Perasaannya membuncah terlalu banyak dan membuatnya ketakutan sendiri. Gagasan ditinggalkan terlalu sulit untuk dia pikirkan. Dia belum belajar menata hati untuk kehilangan dan memperbaiki sesuatu yang retak sendirian.
Alasannya tetap bertahan adalah karena Mingyu selalu bilang—
"Aku masih belum boleh mati sebelum menepati janjiku. Jadi, Jeonghan, tetaplah menunggu dan aku akan datang. Aku pasti pulang."
Jeonghan mulai merajut di akhir musim gugur. Rajutannya mencapai separuh jalan saat musim dingin mendekati pertengahan. Dia menyelesaikannya di awal tahun.
Selama itu pula, Mingyu tak pernah datang.
Hasil rajutannya hanya tersimpan dalam kotak pembungkus berukuran sedang, terbujur di dekat perapian dan dia meliriknya sekali waktu, semenjak rajutan itu direncanakan sebagai hadiah jika atasan Mingyu memberi libur. Tak perlu banyak. Dia hanya butuh sehari untuk mengungkapkan banyak pikiran, walau ujungnya tak semua bisa dikatakan—dan itu tak penting karena yang dia harapkan hanya kehadiran pria itu di sisinya.
Jeonghan menangis hingga bantalnya basah; tapi Mingyu tak ada di sana untuk dia ajak bertukar ucapan seperti para pasangan lain lakukan: tolong jaga aku untuk waktu ke depannya juga.
Pertemuan mereka sungguh di luar dugaan.
Bahkan Jeonghan tidak menyangka bahwa dia akan terlibat dengan lawan jenis dalam hidupnya. Lagipula, dia berencana untuk melajang (paling tidak dalam lima atau enam tahun ke depan) dan hidup untuk dirinya sendiri. Bersenang-senang dengan menjadi bebas dan melakukan segalanya tanpa ada yang harus melarang ini-itu.
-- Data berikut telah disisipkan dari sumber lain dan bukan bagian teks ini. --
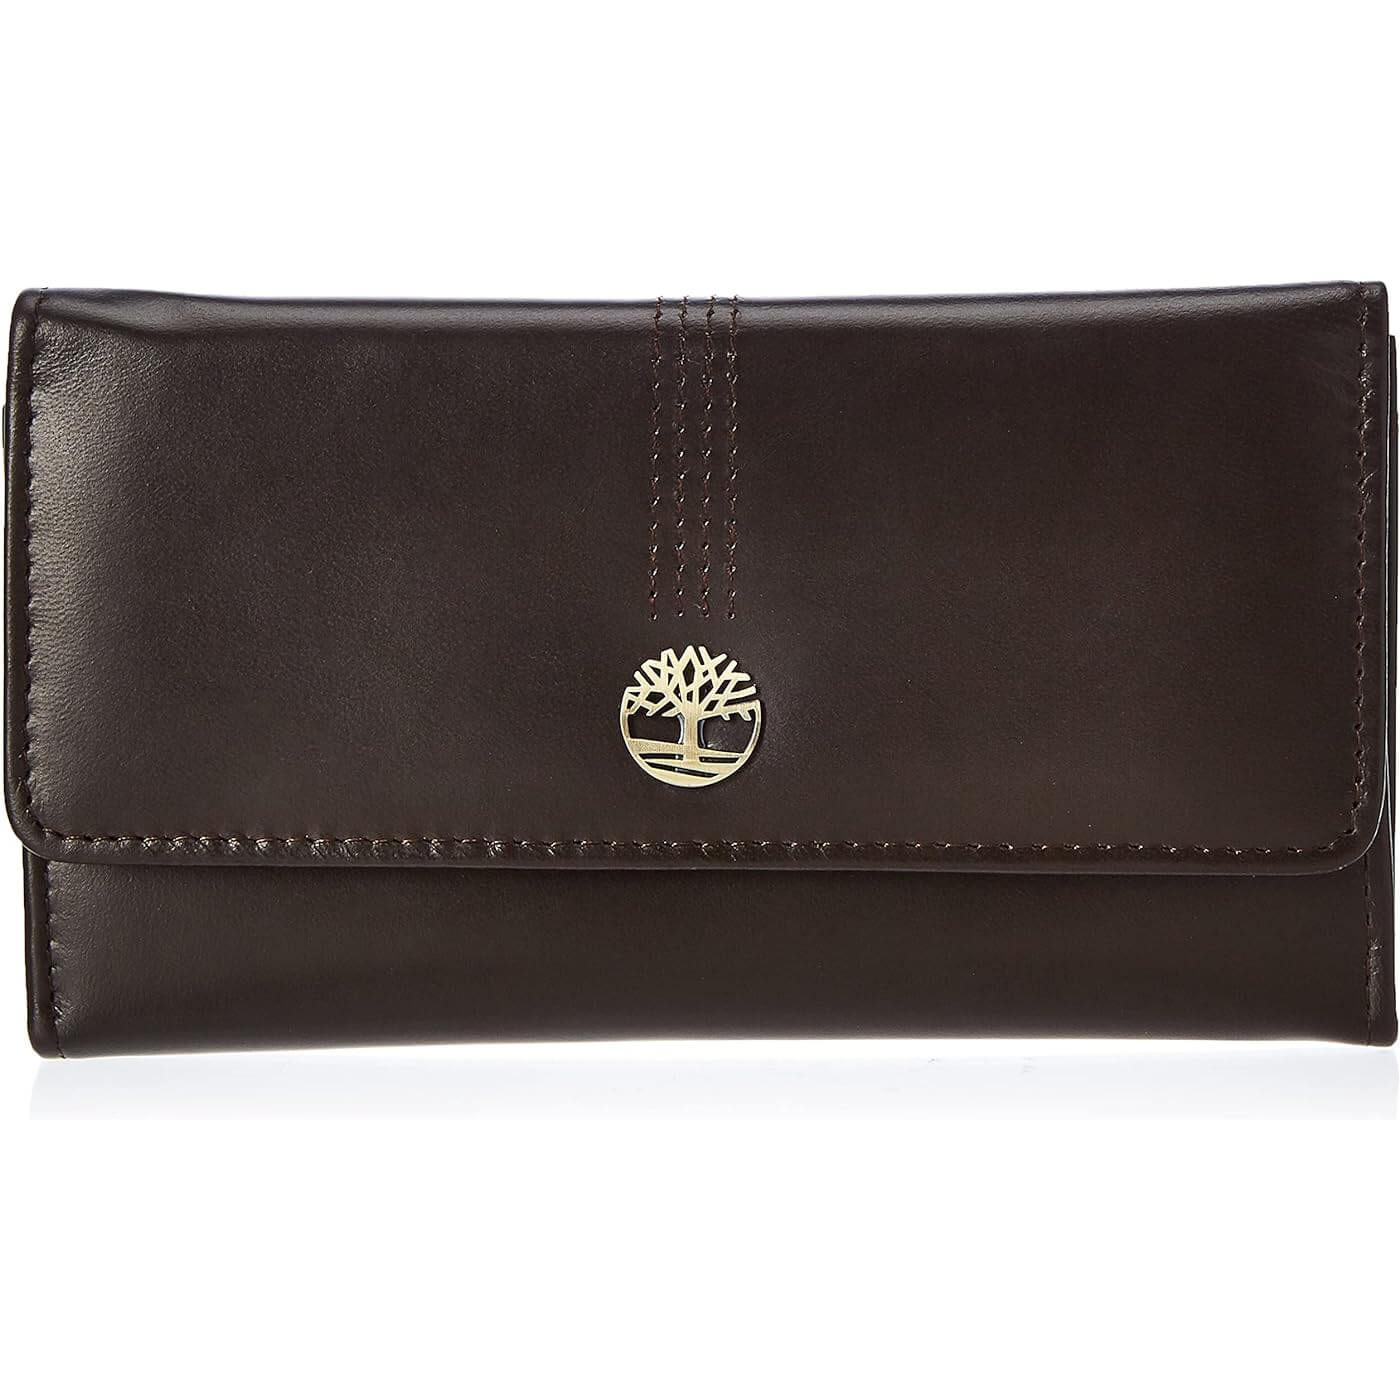 Кожаный кошелек-клатч Timberland RFID Flap Organizer, коричневый кошелек кожаный женский lison kaoberg k 9102

Namun takdir tak pernah salah pilih pelakon.
Mereka bertubrukan bahu. Jeonghan terduduk dengan belanjaan terjatuh di sekitar kakinya. Seorang pria asing memungut bawaannya yang tercecer di lantai, lalu menunduk sopan, dan permintaan maafnya terucap tulus dan dengan nada yang menenangkan untuk didengar. "Maafkan aku, Nona."
Jeonghan belum pernah bertemu dengan pria sesopan itu, sehingga wajar adanya jika dia terkesan pada pandangan pertama.
"A-aku tidak apa-apa, sungguh."
Si pria menyerahkan belanjaannya dengan seulas senyum dan ujaran singkat. "Baiklah. Katakan jika Anda punya perlu."
Jeonghan melihat ke manapun asal tidak ke matanya karena dia tak mau tertangkap basah jatuh pada pesona pria asing dalam waktu yang singkat. Mereka pergi ke kasir dan berbaris dalam satu saf panjang untuk mengantre membayar belanjaan. Lalu, ketika antrean menyusut dan tiba giliran Jeonghan, wanita itu buru-buru menuang belanjaannya dan kasir langsung menghitung total harga.
"Delapan ribu enamratus limapuluh dua won. Ada yang ingin ditambah lagi?" Si kasir bertanya.
Jeonghan menggeleng, meraba sakunya. Dia panik sebentar. Tangannya masuk untuk menggali saku tapi dia sadar kemudian bahwa sakunya bolong.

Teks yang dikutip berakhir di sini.